GIVEN ENTRIES
○ ○ ○ ○

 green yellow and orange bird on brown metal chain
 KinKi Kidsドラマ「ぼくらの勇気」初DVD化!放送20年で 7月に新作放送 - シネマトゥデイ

○ ○ ○ ○

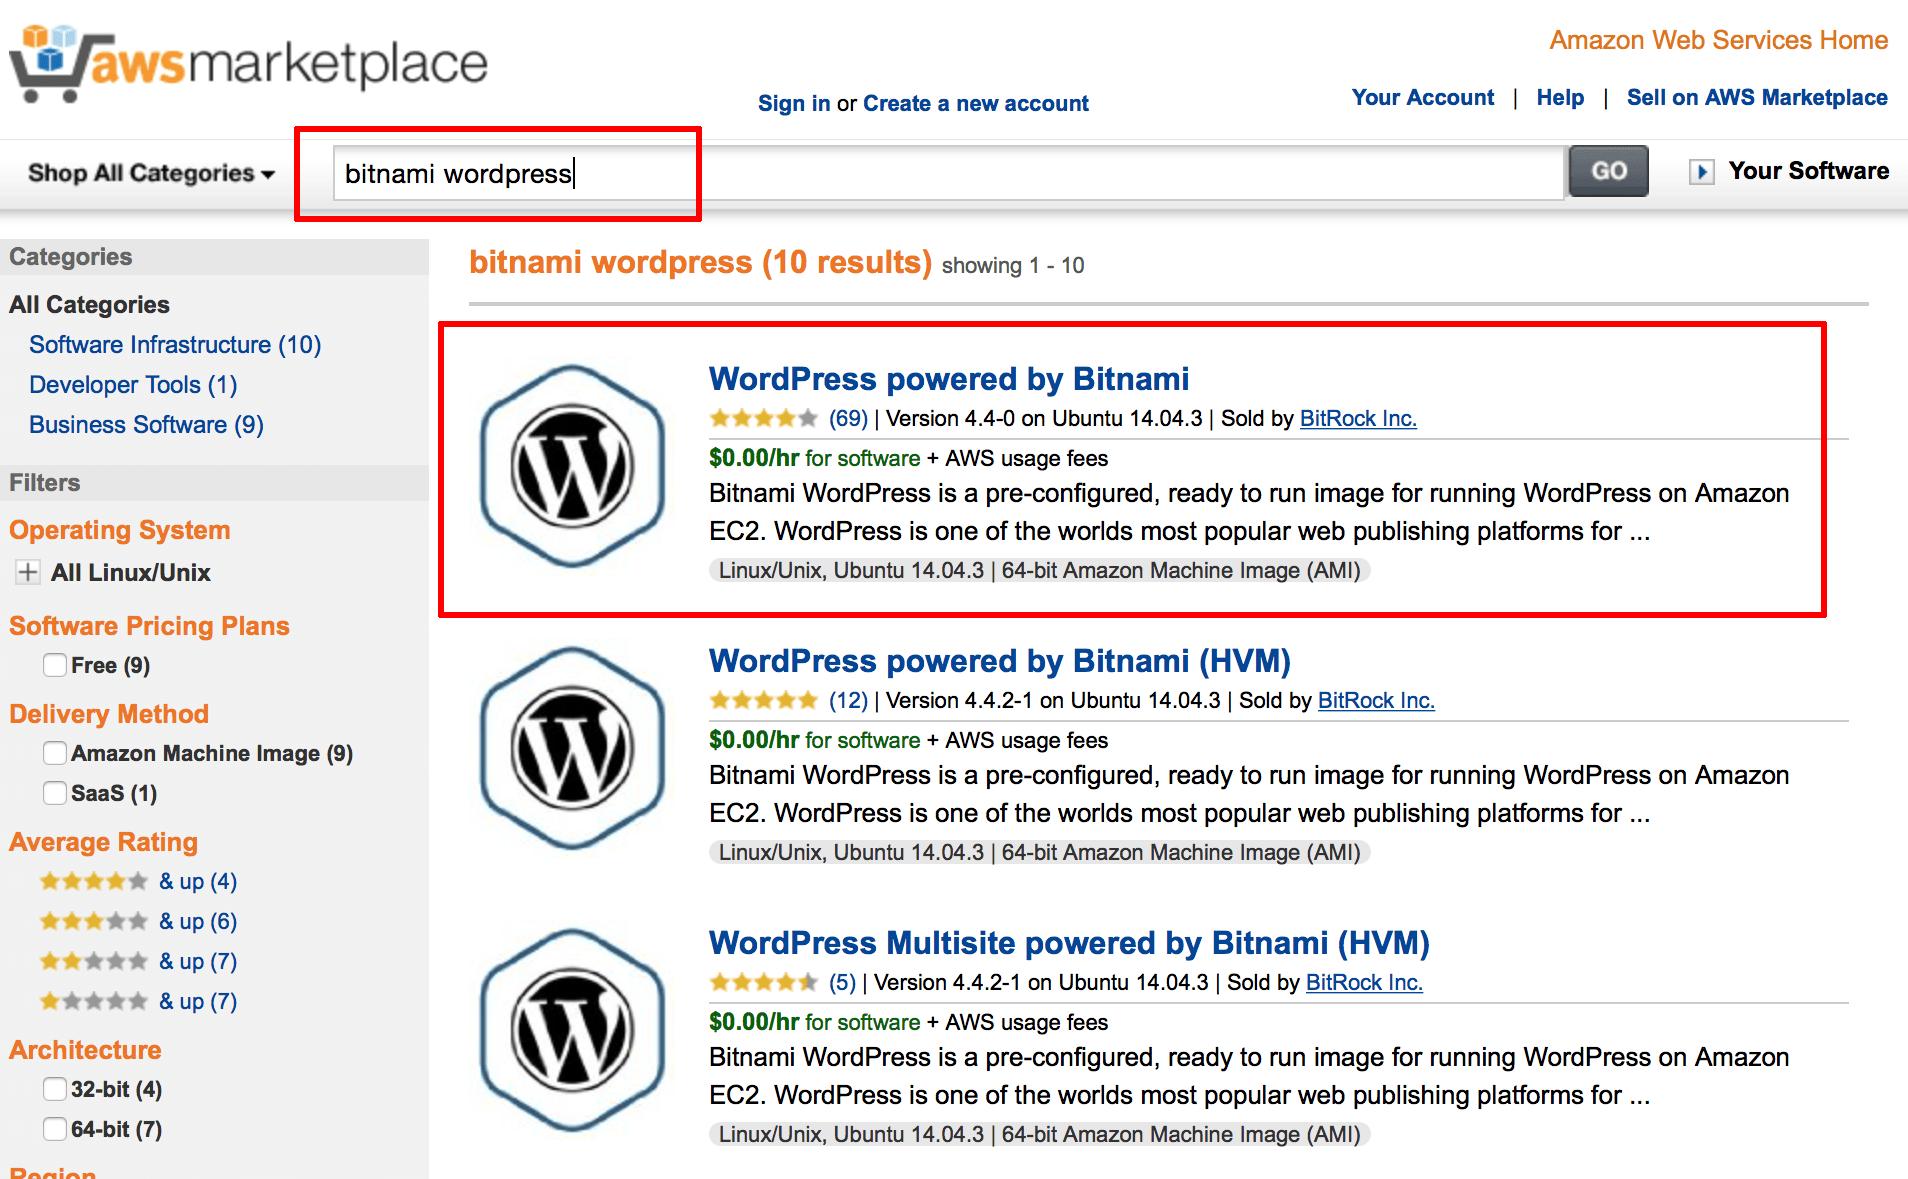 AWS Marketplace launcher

○ ○ ○ ○

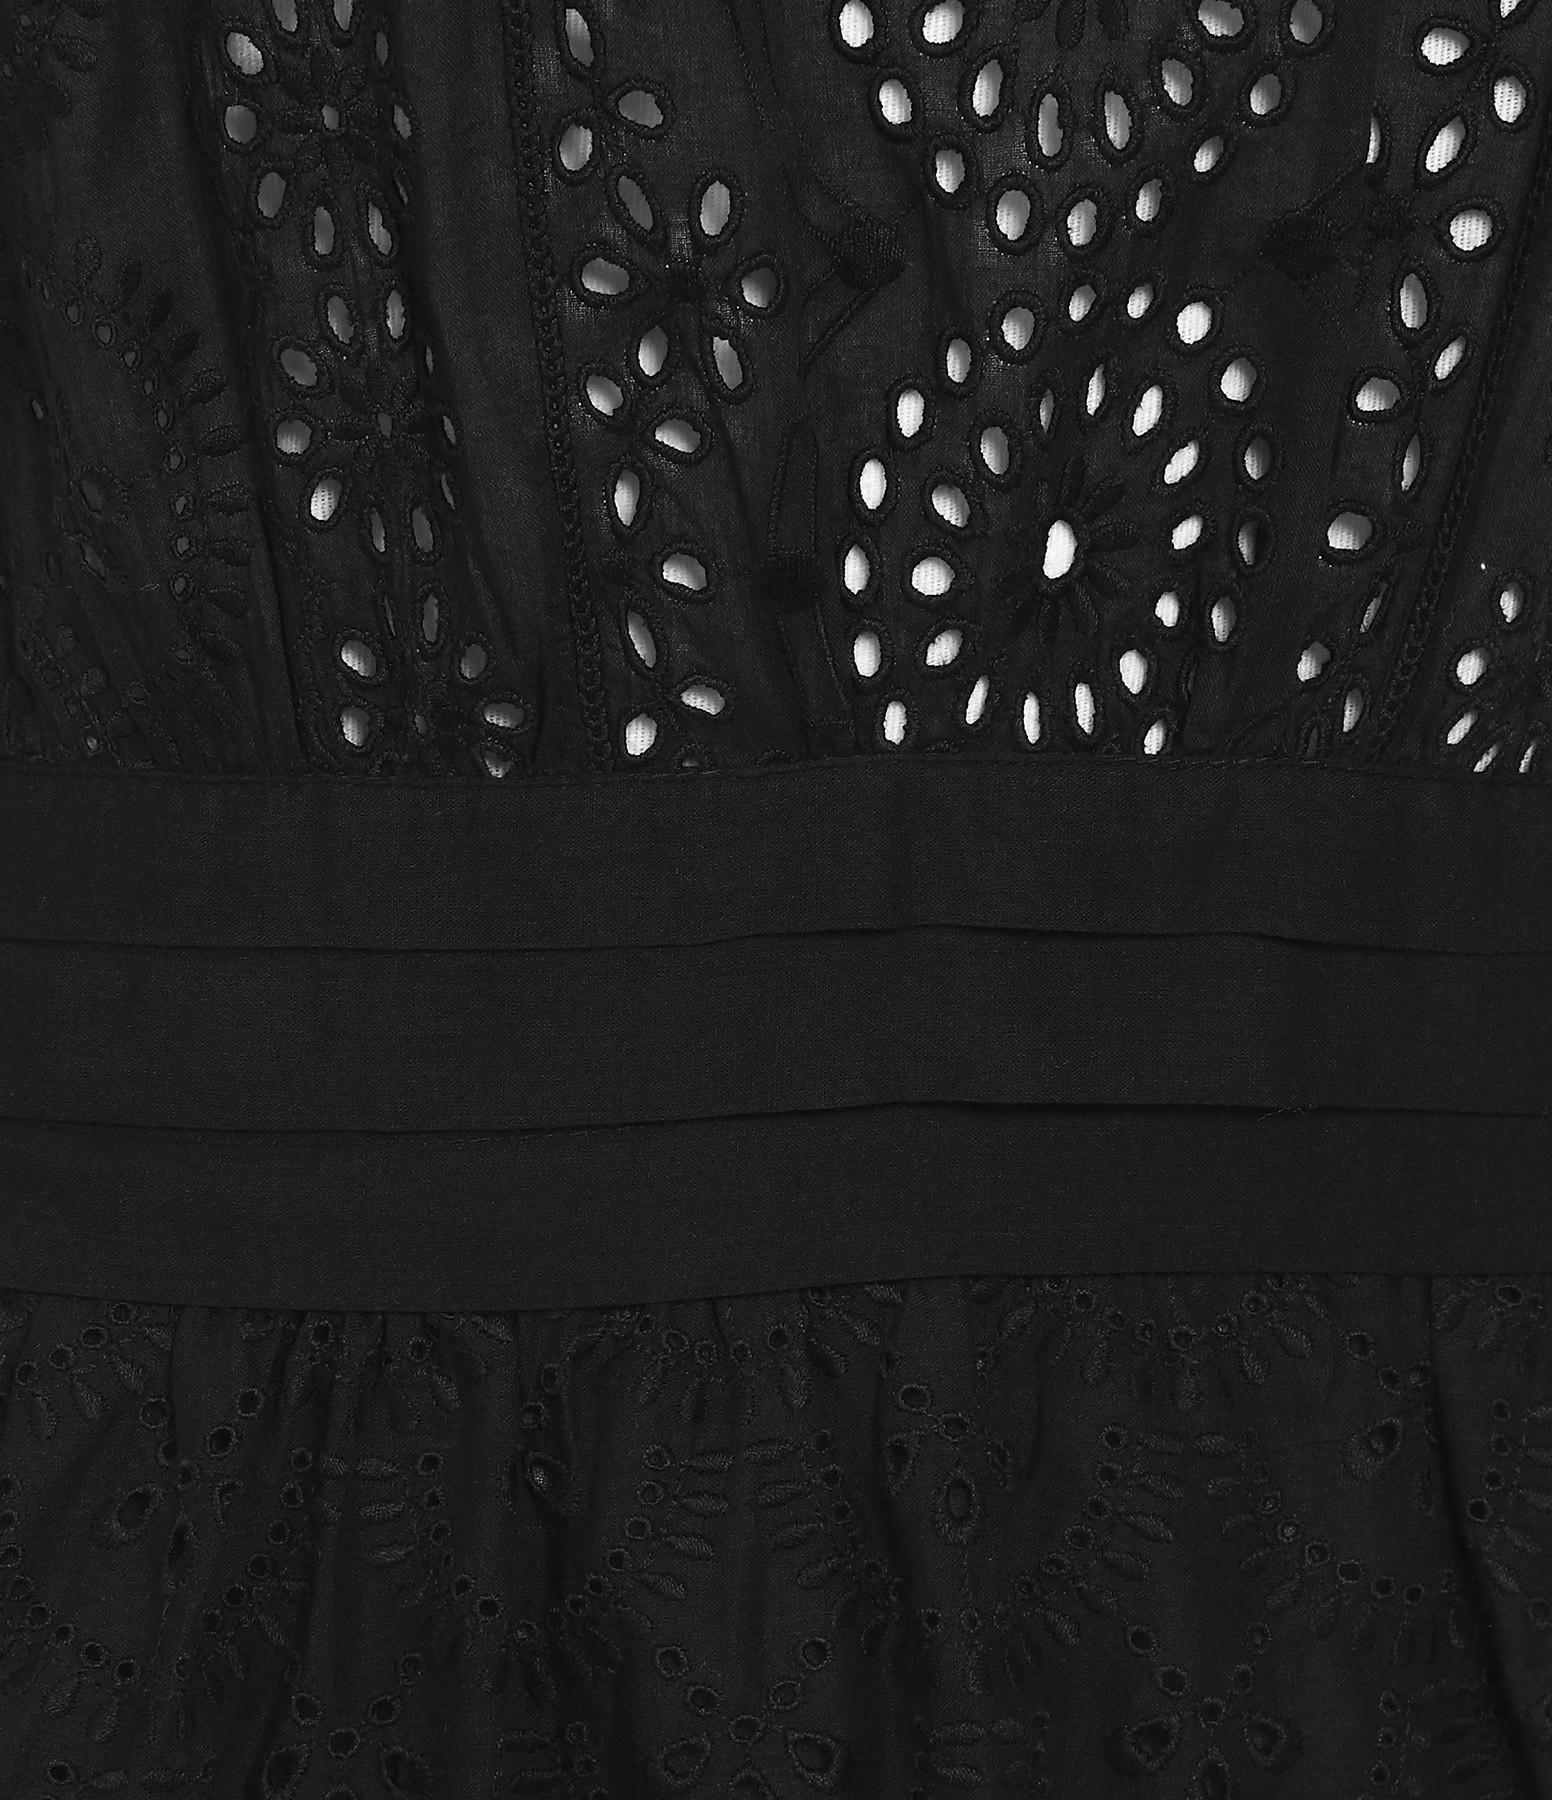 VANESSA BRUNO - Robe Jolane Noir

○ ○ ○ ○

THE PROBLEM
Looking back over the data above, restate word for word the lines that begin at the line with "green yellow and" and end at the line with "KinKi Kidsドラマ「ぼくらの勇気」初DVD化!放送20年で 7月に新作放送", inclusive.

EXERCISE ANSWER
 green yellow and orange bird on brown metal chain
 KinKi Kidsドラマ「ぼくらの勇気」初DVD化!放送20年で 7月に新作放送 - シネマトゥデイ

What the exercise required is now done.